Diário do Comércio, 4 de julho de 2005

Continua dando encrenca a decisão da Suprema Corte americana que na semana passada permitiu desapriopriar residências em favor de grandes projetos de desenvolvimento encabeçados por empresas privadas. Os juízes que a aprovaram estão sendo chamados de “Robin Hoods ao contrário”, porque tiraram os bens dos pobres para dá-los à aliança do Estado voraz com empresas oportunistas, e por toda parte ganha apoio a campanha “Tire as Mãos da Minha Casa”, lançada pela ONG Institute for Justice. Uma advogada do grupo, Dana Berliner, disse; “O povo americano está furioso com essa sentença, mas ainda tem meios de fazer alguma coisa contra ela.”

Coincidência ou não, a juíza Sandra Day O’Connor, que votou contra a decisão, pediu aposentadoria justamente quinta-feira passada. A essa altura, pode parecer estranho, mas os conservadores estão festejando. Numa entrevista coletiva sexta-feira à noite,Tony Perkins, presidente do Family Research Council, um influente think-tank empenhado na defesa dos valores americanos tradicionais, explicou que a saída da dra. O’Connor dá ao presidente Bush a oportunidade de começar a cumprir sua promessa de nomear juízes mais afinados com os conservadores. Foi com intenção idêntica que Ronald Reagan nomeou a dra. O’Connor em 1981, mas ela acabou namorando com os “liberals” e só se redimiu na semana passada, quando tomou posição firme a favor da propriedade privada.

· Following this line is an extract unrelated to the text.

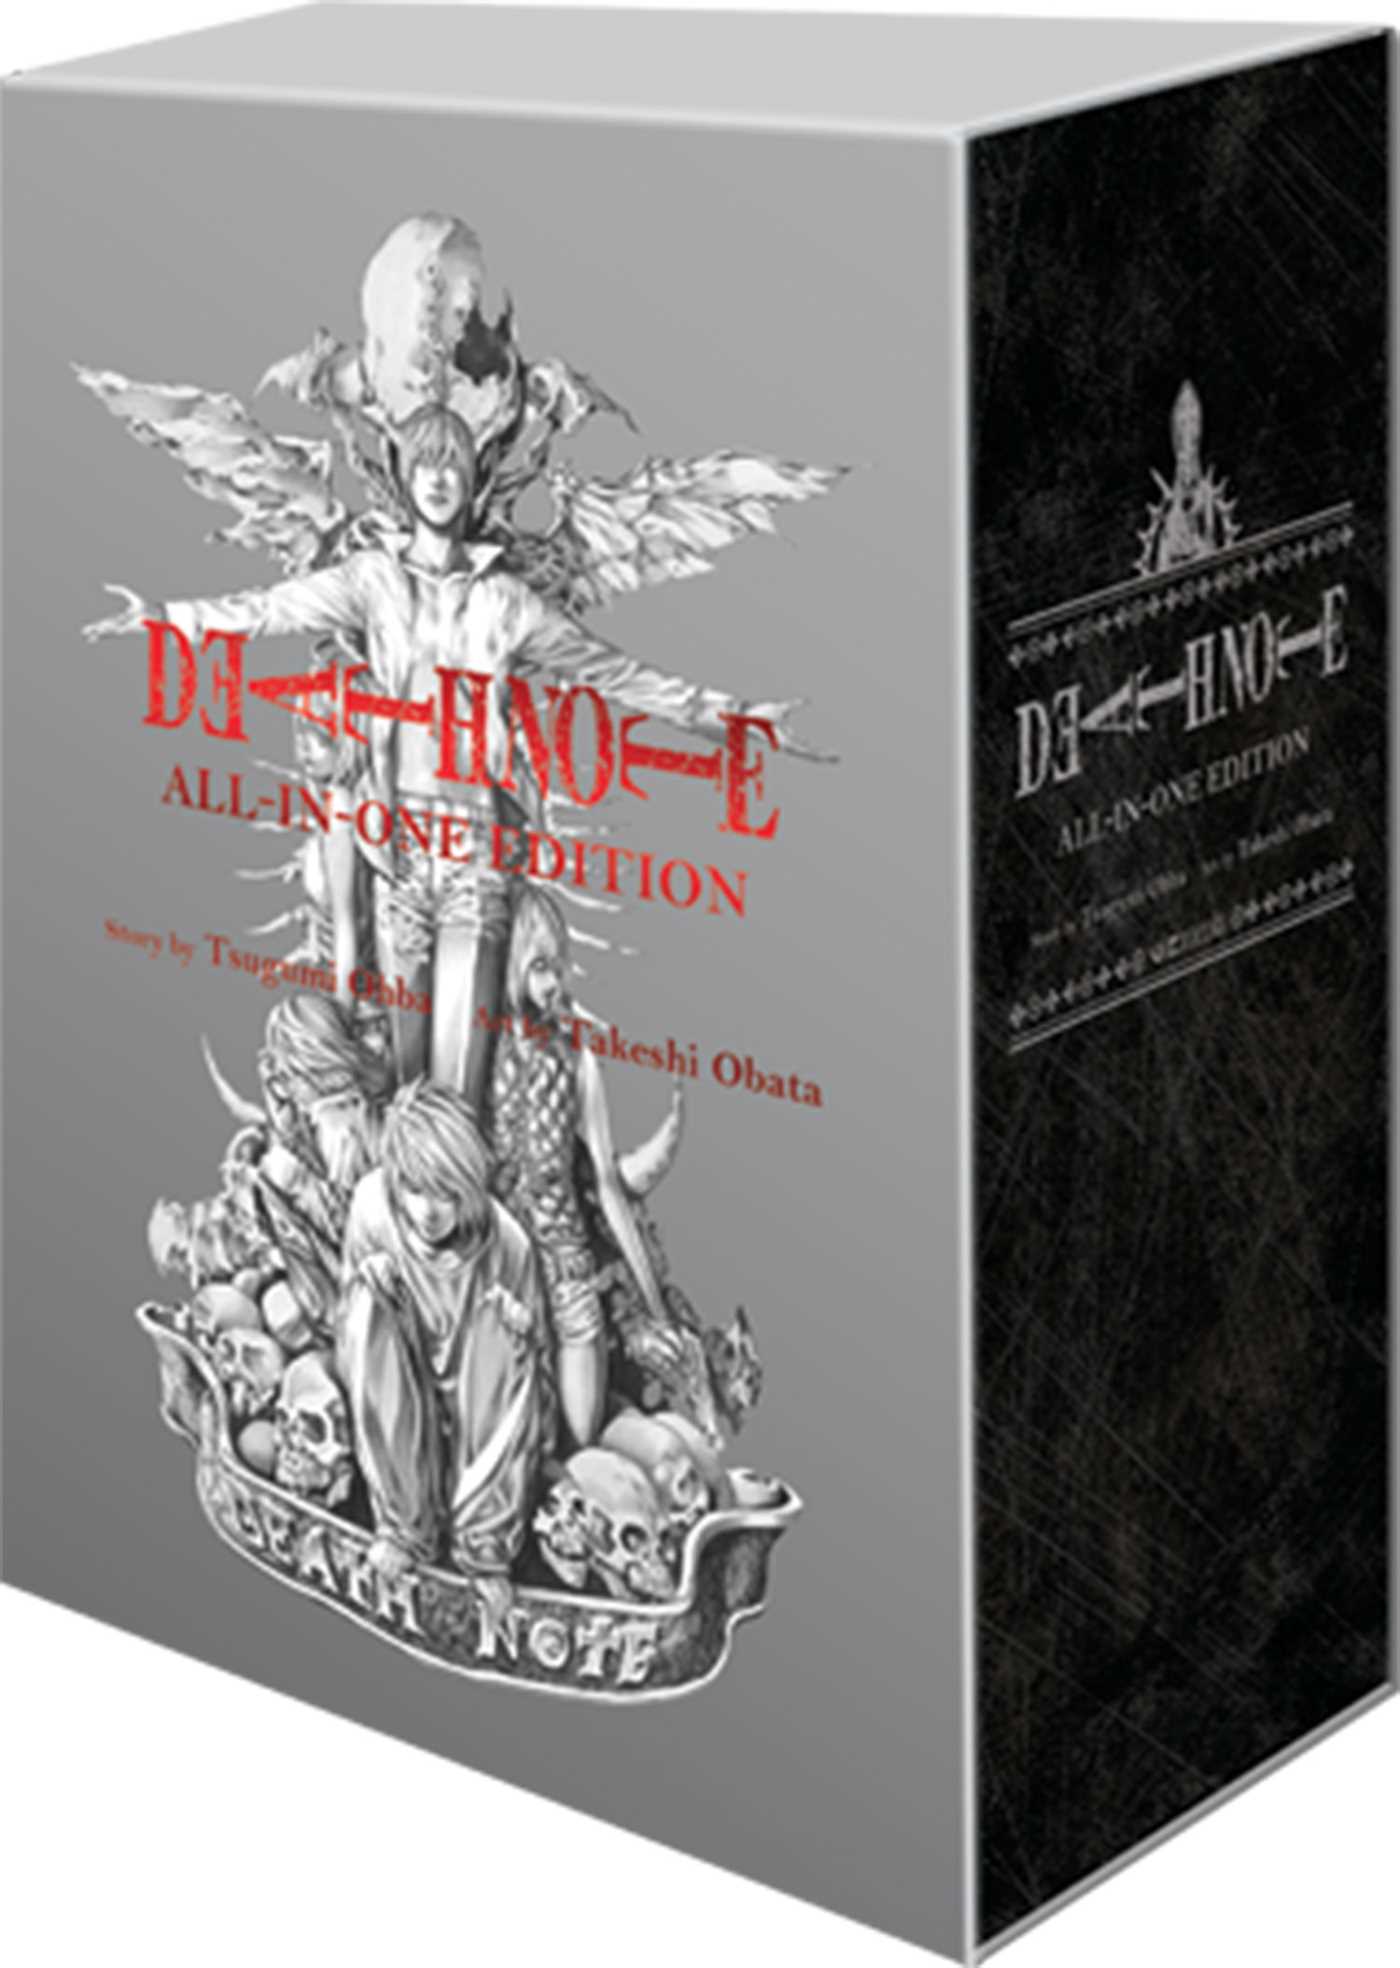 DEATH NOTE - ALL IN ONE EDITION – J-Store Online

Não é possível entender nada da política americana sem tirar da cabeça os estereótipos consagrados da mídia brasileira que identificam os conservadores com o grande capital e os “progressistas” do Partido Democrata com as causas populares. Para saber a quem um partido serve, é preciso descobrir quem o sustenta. No Partido Democrata, três quartos do dinheiro de campanha vêm de milionários, só o quarto restante dos pequenos contribuintes. A proporção é exatamente inversa no Partido Republicano. O símbolo mais eloqüente dessa diferença é que na Suprema Corte os dois representantes máximos do conservadorismo são justamente Clarence Thomas e Anthony Scalia, um negro e um filho de imigrantes italianos, enquanto os herdeiros das famílias tradicionais de Nova York e da Filadélfia se alinham com a esquerda politicamente correta.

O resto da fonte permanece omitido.